Espero les guste y me dejen su comentario (y/o cualquier cosa que les gustaría que apareciera en el siguiente capítulo)
¡Ahora si, a leer!
CAPÍTULO 2: PERSPECTIVAS.
Pasaban de las nueve de la mañana cuando por fin llegue a mi departamento, entre la ropa húmeda que aun traía y el dolor de cabeza que comenzaba a sentir no tenía ganas de nada más que descansar.

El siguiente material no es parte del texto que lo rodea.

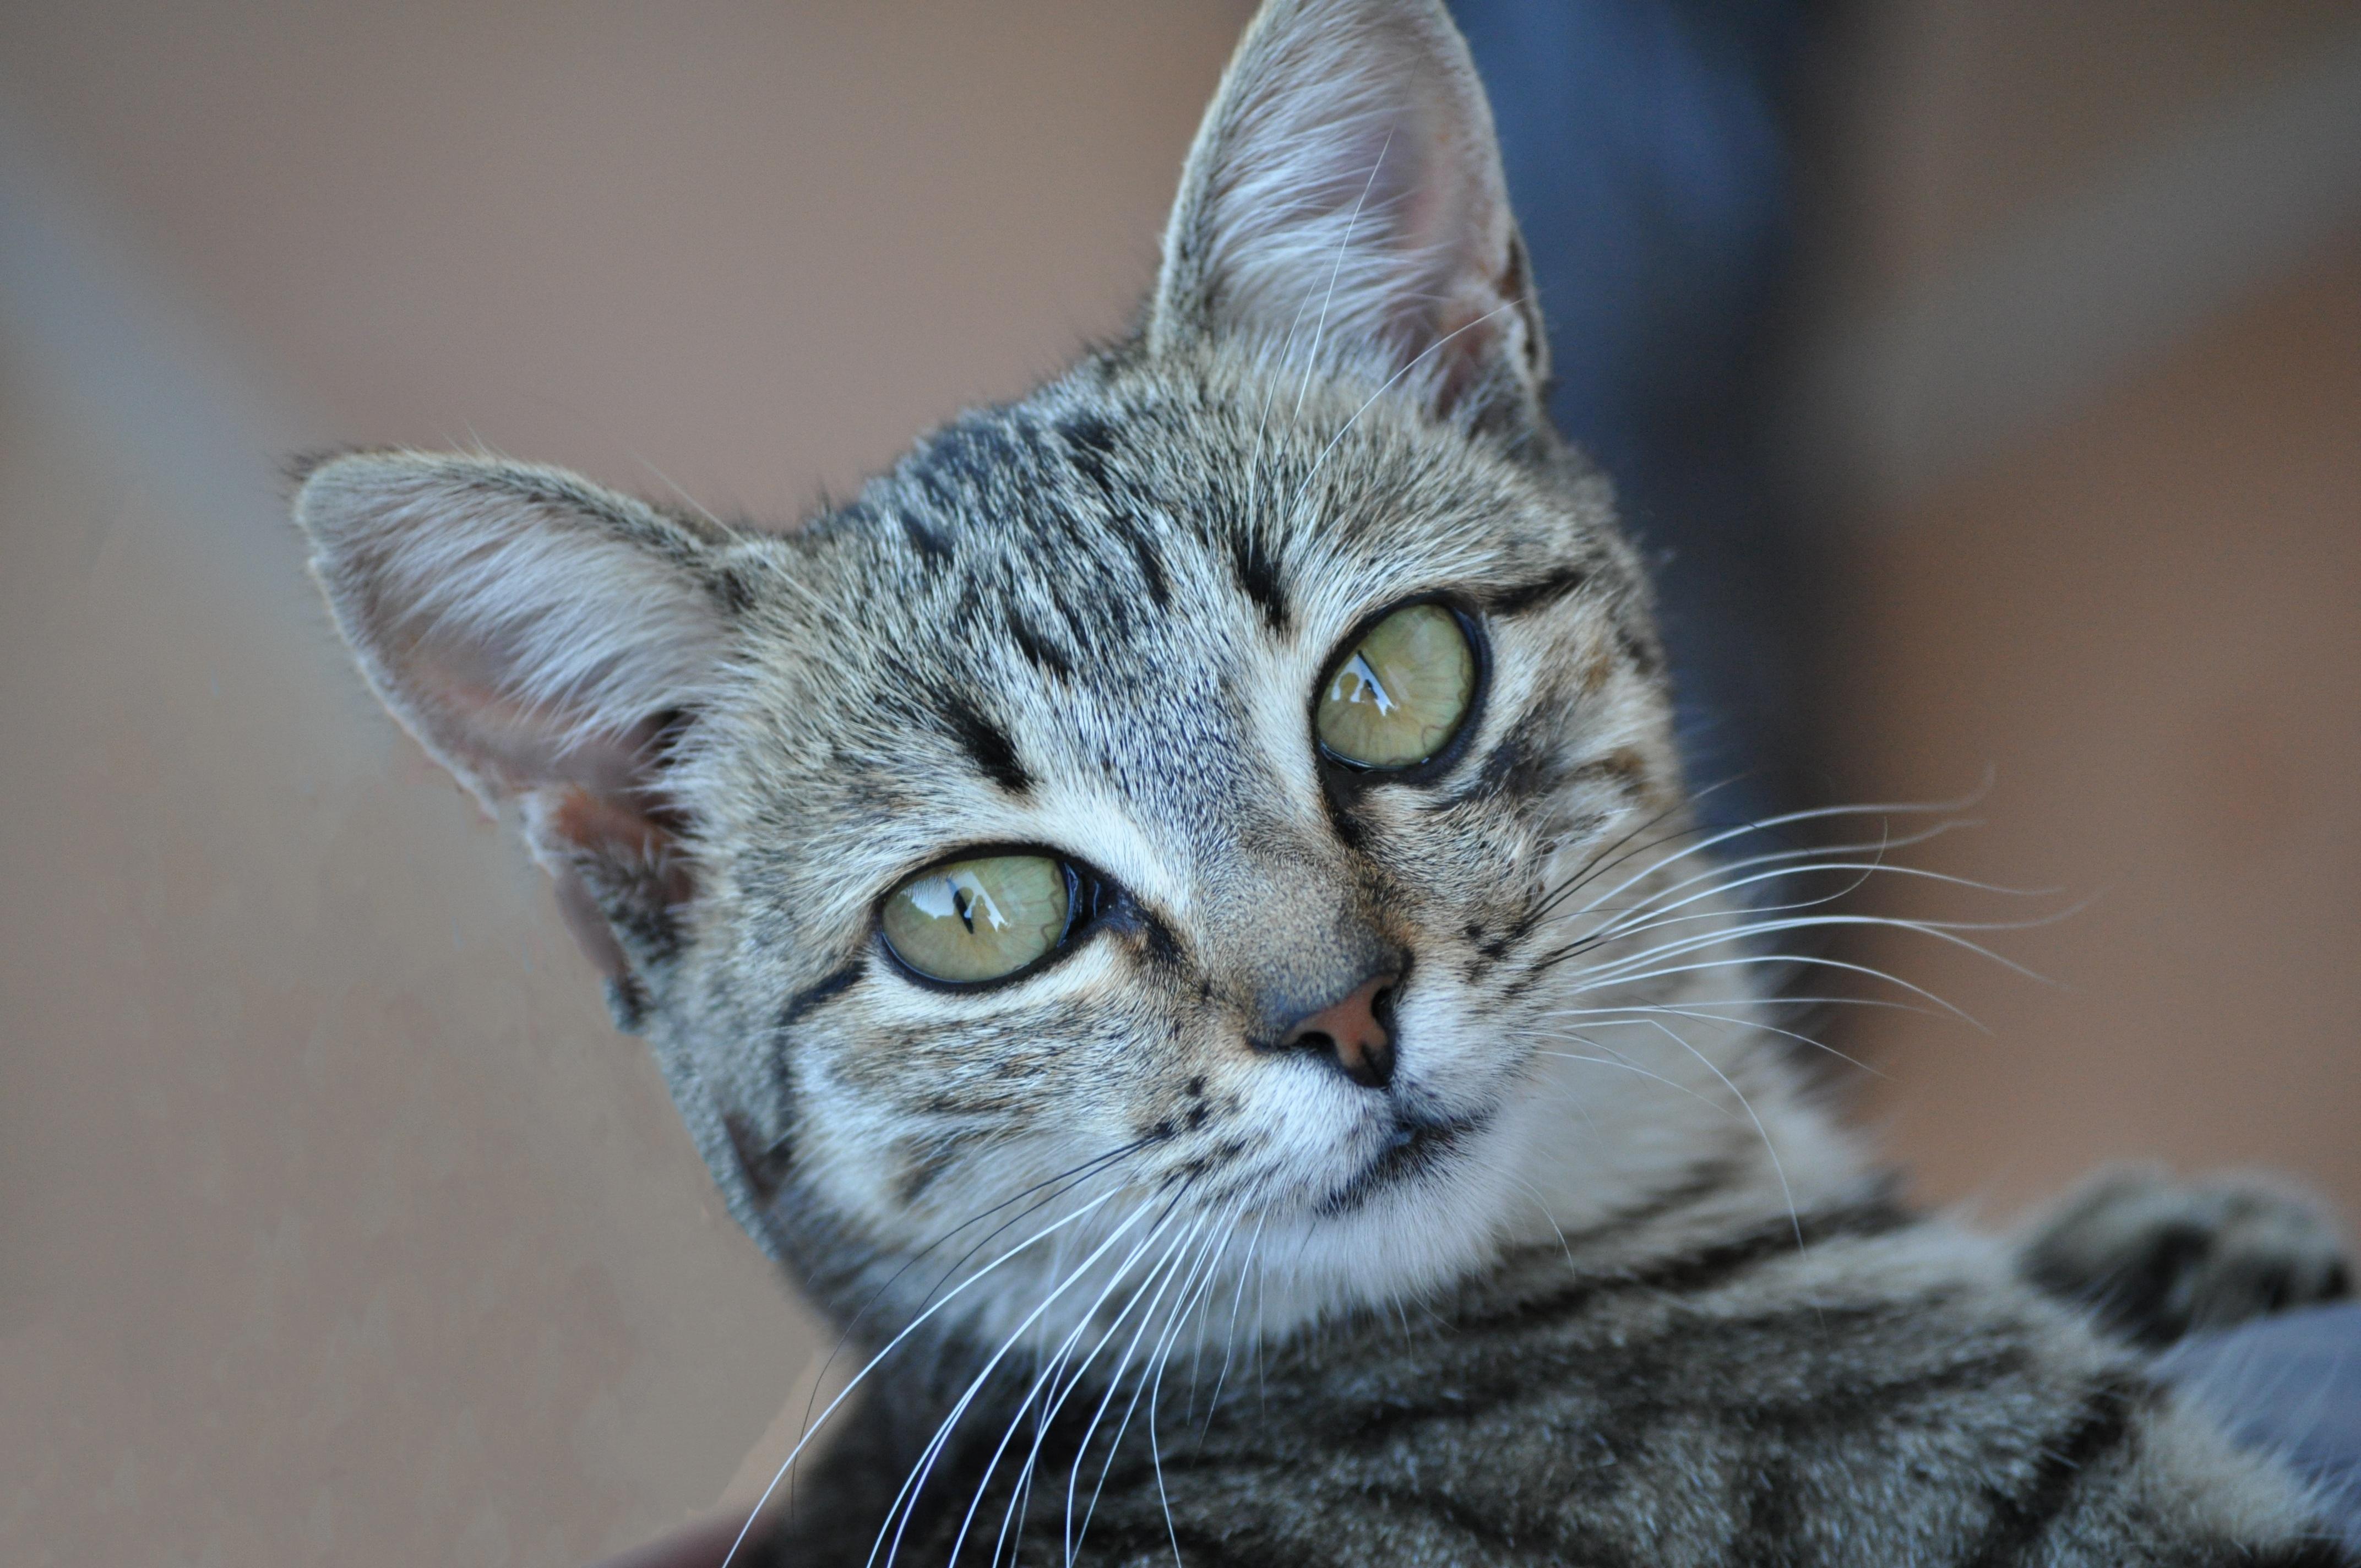 Free kitten fauna close up eyes whiskers grey tiger

– Buen día amor, ¿buen polvo el de anoche? – exclamo Santana, mi mejor amiga y compañera de departamento. Su tono sarcástico se notaba a kilómetros de distancia, era lo menos que necesitaba esa mañana.
Santana era su mejor amiga de la universidad, ambos habían coincidido en varias clases en NYU en el área de leyes. Ambos eran abogados respetados y siempre trabajaban juntos. En cierto punto eran como hermanos, ambos con el mismo ingenio, carácter explosivo y gusto por el poder que solo dejaba el ganar un gran juicio.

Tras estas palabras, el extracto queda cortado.